Social conflict over “culture wars” issues is on the rise in democracies across both the developed and the developing world. In Brazil and elsewhere, polarization has arisen from the reaction of religious conservatives to rapidly changing public policy and attitudes with respect to sexuality and the family. Politicians, citizens, and clergy debate the social roles of gays; the morality and legality of abortion; and the proper relationship between religious groups and the state. Moreover, these conflicts extend into electoral contests.
However, one typical source of religious and political division is conspicuously absent in Brazil: partisanship. Brazil’s highly fragmented party system is known for its weakness at both mass and elite levels, notwithstanding the partial exception of the center-left Workers’ Party (Keck 1992; Mainwaring 1986; Samuels and Zucco, n.d.). Commentators often note that evangelical alliances are “pulverized” across a very large number of candidates and parties—ones chosen based more on personalistic ties, than clear ideological criteria (Dantas 2011; Freston 1993; Lisboa 2010).
The absence of partisan links in Brazil’s culture wars contrasts with mobilization over issues such as abortion in developed Western democracies. Hunter (1992) first popularized the term “culture wars” to describe a period of heightened cultural tension in the United States initially triggered by political and cultural changes of the 1960s. While Hunter saw the combatants in this “war” as “orthodox” and “progressive” religious groups, subsequent scholarship shows that intensifying polarization and the rise of the Christian Right have been driven by politicians and parties; citizens have followed political elites’ leads (Fiorina, Abrams, and Pope 2005; Hetherington 2001; Layman and Carsey 2002; Layman, Carsey, and Horowitz 2006; Layman and Green 2006; Mason 2015). Studies of other Western democracies ranging from Canada to the Netherlands also show that the party system determines the extent of social mobilization around culture wars issues in those countries (Bean 2014; Studlar, Cagossi, and Duval 2013).
This book addresses two puzzles.
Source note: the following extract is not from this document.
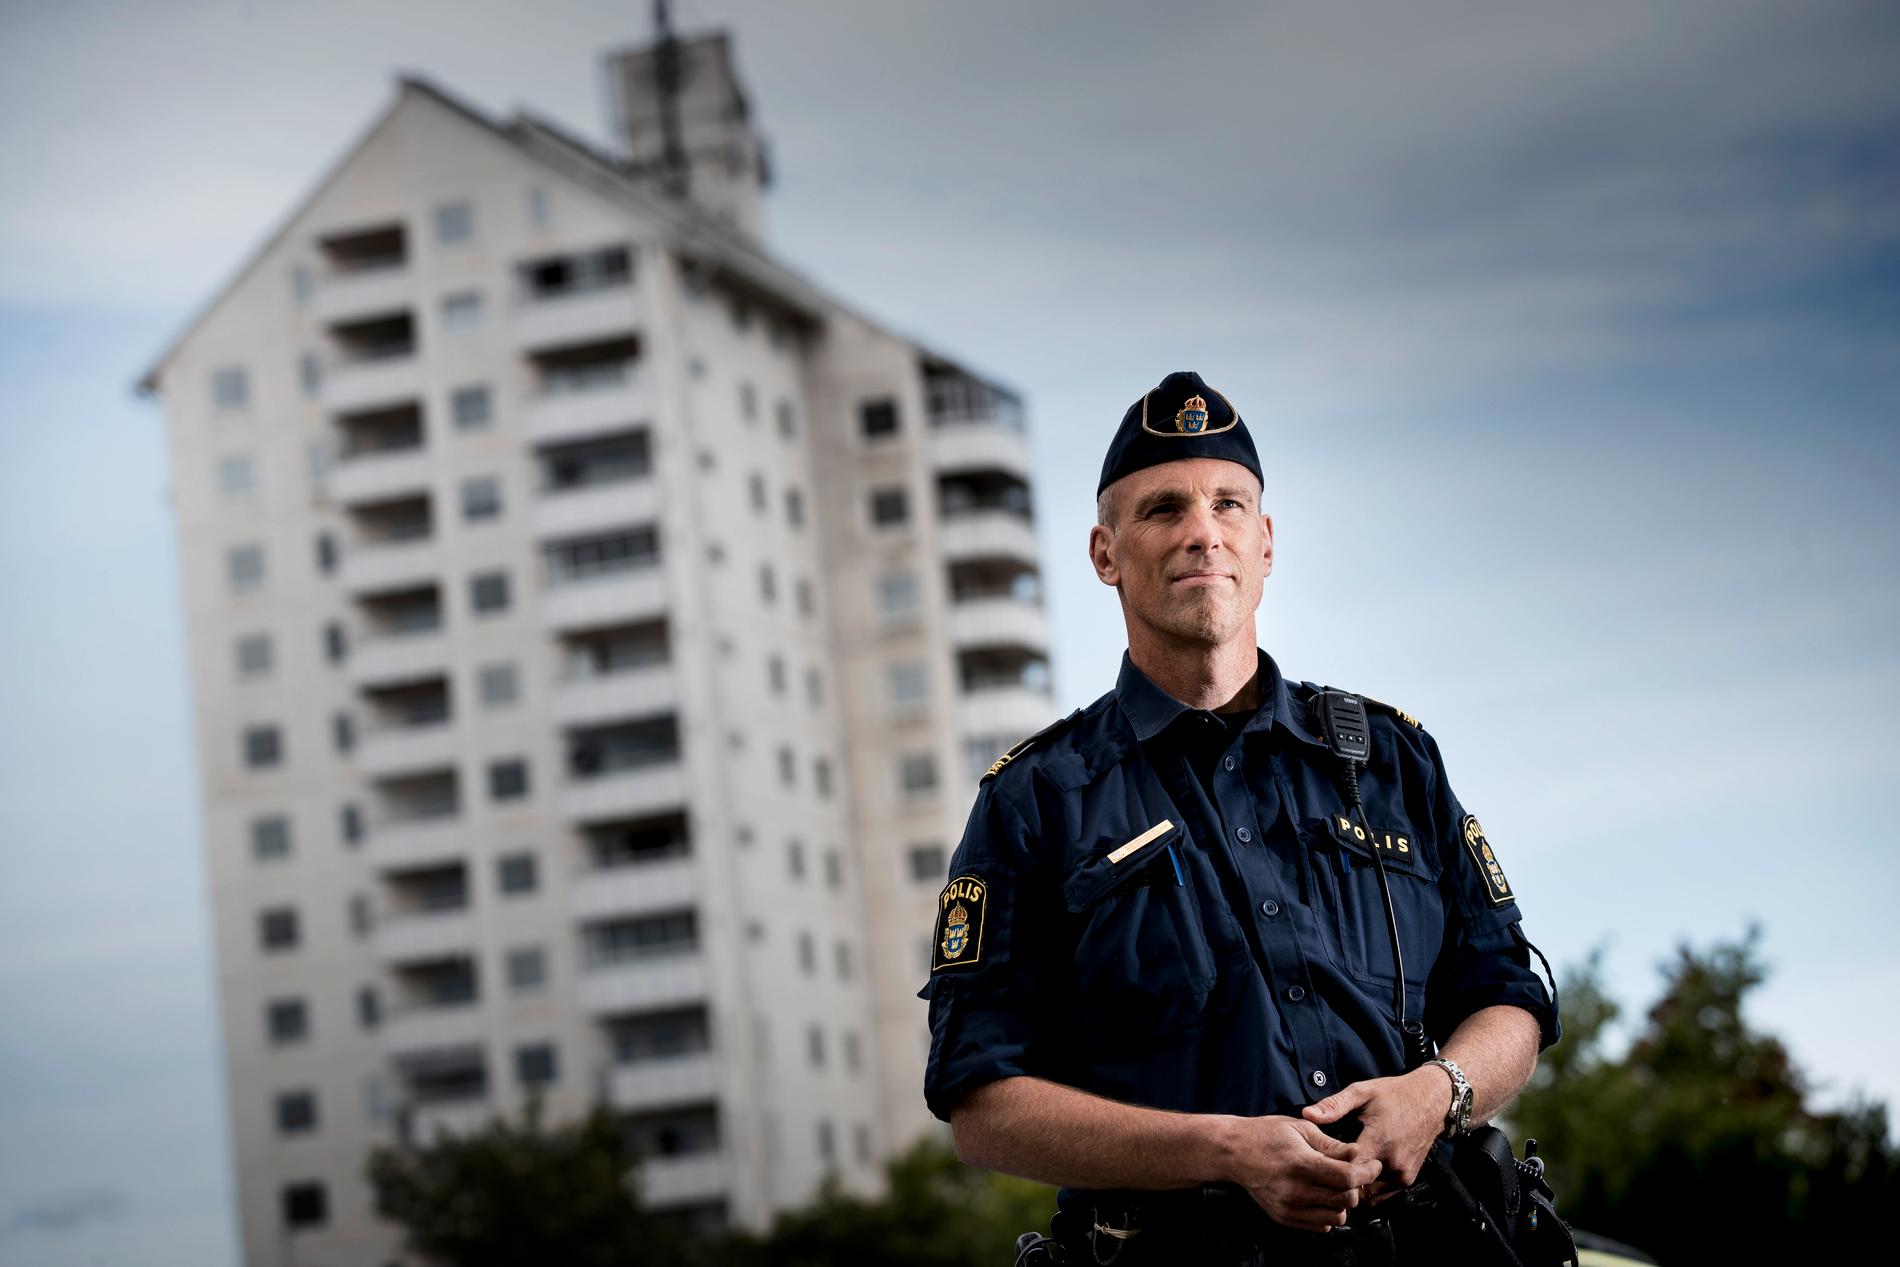 Många av dem som reste till IS levde redan innan ett liv i utanförskap, med arbetslöshet, missbruk och kriminalitet, och har återvänt till det. "De har i stort sett gått tillbaka till livet de lämnade", säger Fredrik Malm, polis i Vivalla i Örebro, varifrån ett tjugotal personer reste. Arkivbild.

First, how have Brazil’s culture wars developed, absent partisan leadership? Second, how have they shaped democracy in the post-1985 democratic period?
To answer both questions, this book takes a clergy-centered approach. Brazil’s culture wars are fought simultaneously on two fronts: between Catholics and evangelicals, and between religious and secular groups. As evangelical and Catholic clergy have responded to intensifying religious competition for bodies in the pews, and to a leftward drift in the national policy agenda related to sexuality and the family, their religious teachings on those issues have polarized. Citizens and politicians have reacted to the political stances of clergy. Pastors and priests influence congregants, yet widespread secular norms among citizens limit the scope of that influence and mitigate polarization. Meanwhile, in Brazil’s highly porous party system, religious leaders have great latitude to select candidates, and substantial influence over their candidacies. As a consequence, the issue priorities and stances of politicians elected with the support of congregations tend to match those of clergy to a greater extent than they match the attitudes of congregants in the same religious groups.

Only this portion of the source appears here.